Europa se destruyó a sí misma en la primera mitad del siglo XX. Fue un suicidio buscado, concienzudo y apocalíptico en sus efectos. En términos clínicos, Europa ha permanecido bajo vigilancia exterior en cuidados intensivos durante ochenta años. La sedación impuesta por los dos imperios ocupantes le ha otorgado un largo, plácido y excepcional periodo de paz y bienestar, lo que produce desorientación al despertar de la terapia del sueño. Europa, decimos, para definir un mercado común, una agregación de naciones de distinto peso e identidad que nunca se llevaron bien entre sí desde que hay memoria, y una burocracia descomunal que mantiene hilvanadas las innumerables piezas del tinglado. Convertir este laborioso constructo en una entidad soberana es un problema cuya dificultad no se le oculta a nadie. No hay referentes históricos que sean comunes a las naciones asociadas, ni una ideología compartida, ni un liderazgo reconocible y aceptado. Para enredarlo más, vuelven a estar presentes en la cancha política las fuerzas divisorias que impulsaron la destrucción de Europa hace un siglo, esta vez apoyadas al unísono por Washington y Moscú.

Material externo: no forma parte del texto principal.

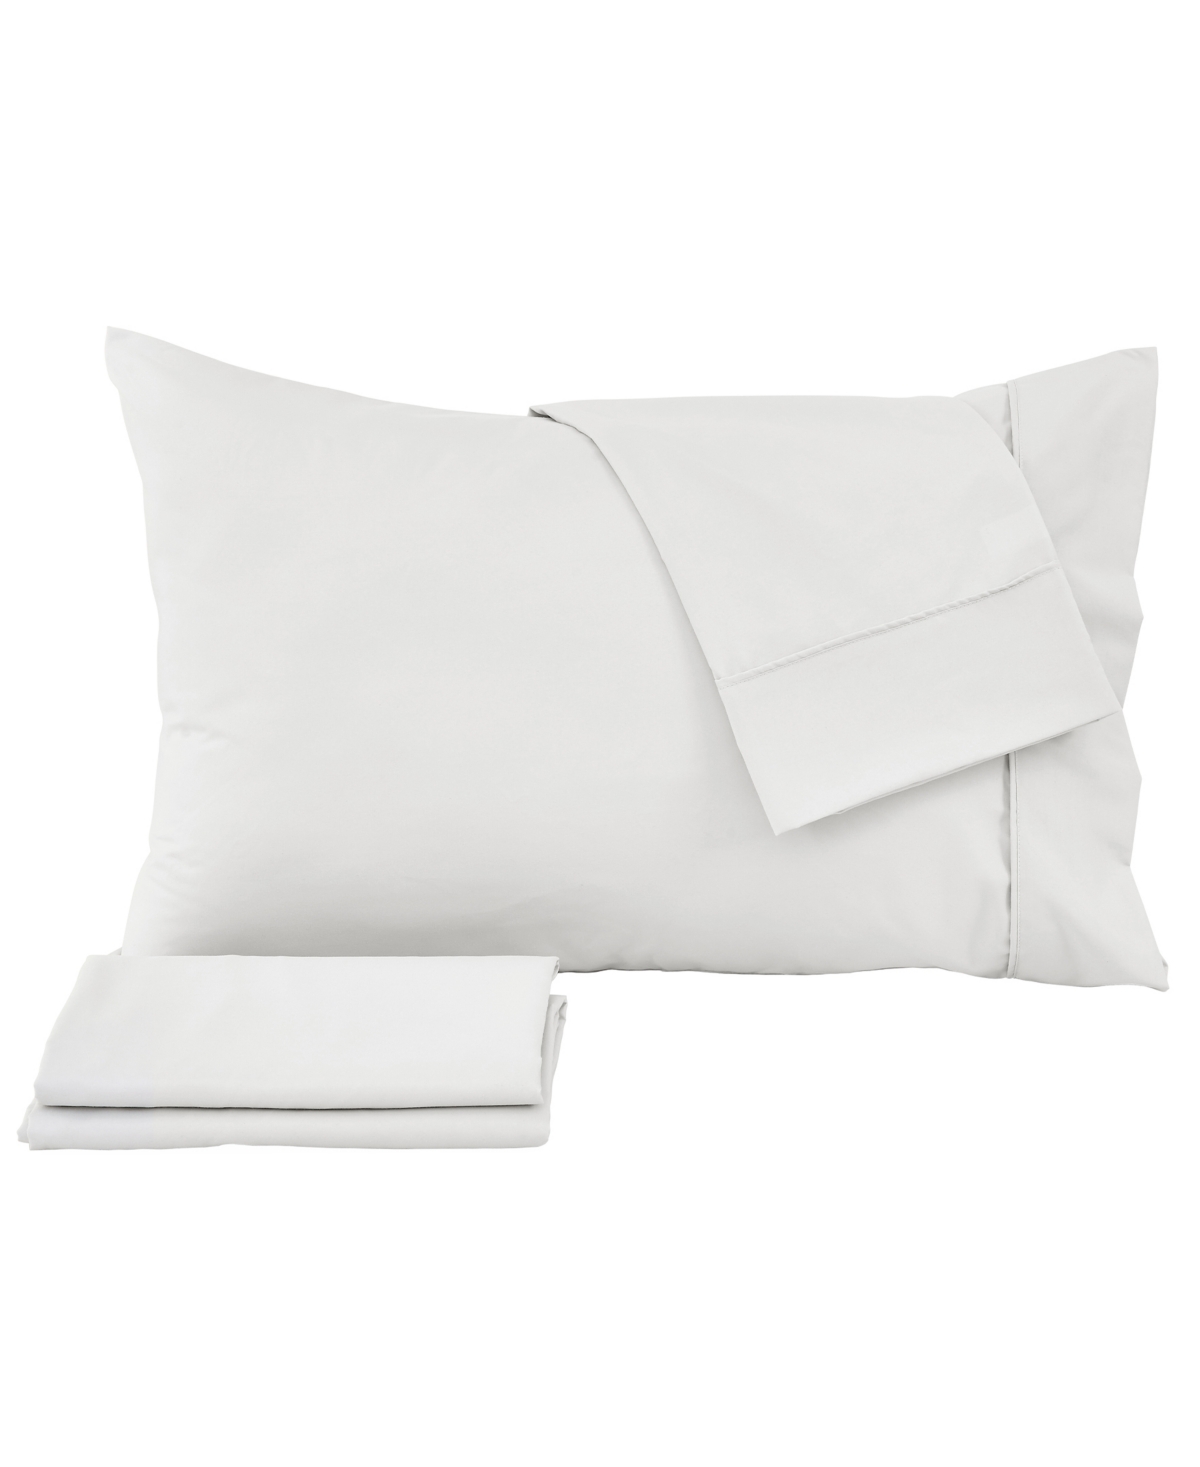 Premium Comforts Solid Microfiber Ultra Soft 3 Piece Sheet Set, Twin In White

La iniciativa unificadora que está ahora mismo sobre la mesa es la consecución de una defensa común europea. La guerra tiene la virtud de simplificar los argumentos y concentrar el debate. La industria militar aparece como la columna vertebral del despegue económico y político en los celebrados informes Draghi y Letta, alrededor de lo cual podría decirse que hay un cierto consenso aunque no se formule en voz muy alta porque una defensa común necesita un enemigo común y no es fácil encontrarlo. Don Putin parecía un buen candidato para este rol pero ¿qué hacer si el presunto aliado es don Trump? ¿Necesitamos una fuerza militar europea para liberar Ucrania o para defender Groenlandia? ¿En cuántos frentes estamos en guerra?

Oigaa ¿es ahí el enemigoo? Es que nos ha despertado de la siesta un zambombazo y no sabemos hacia dónde disparar.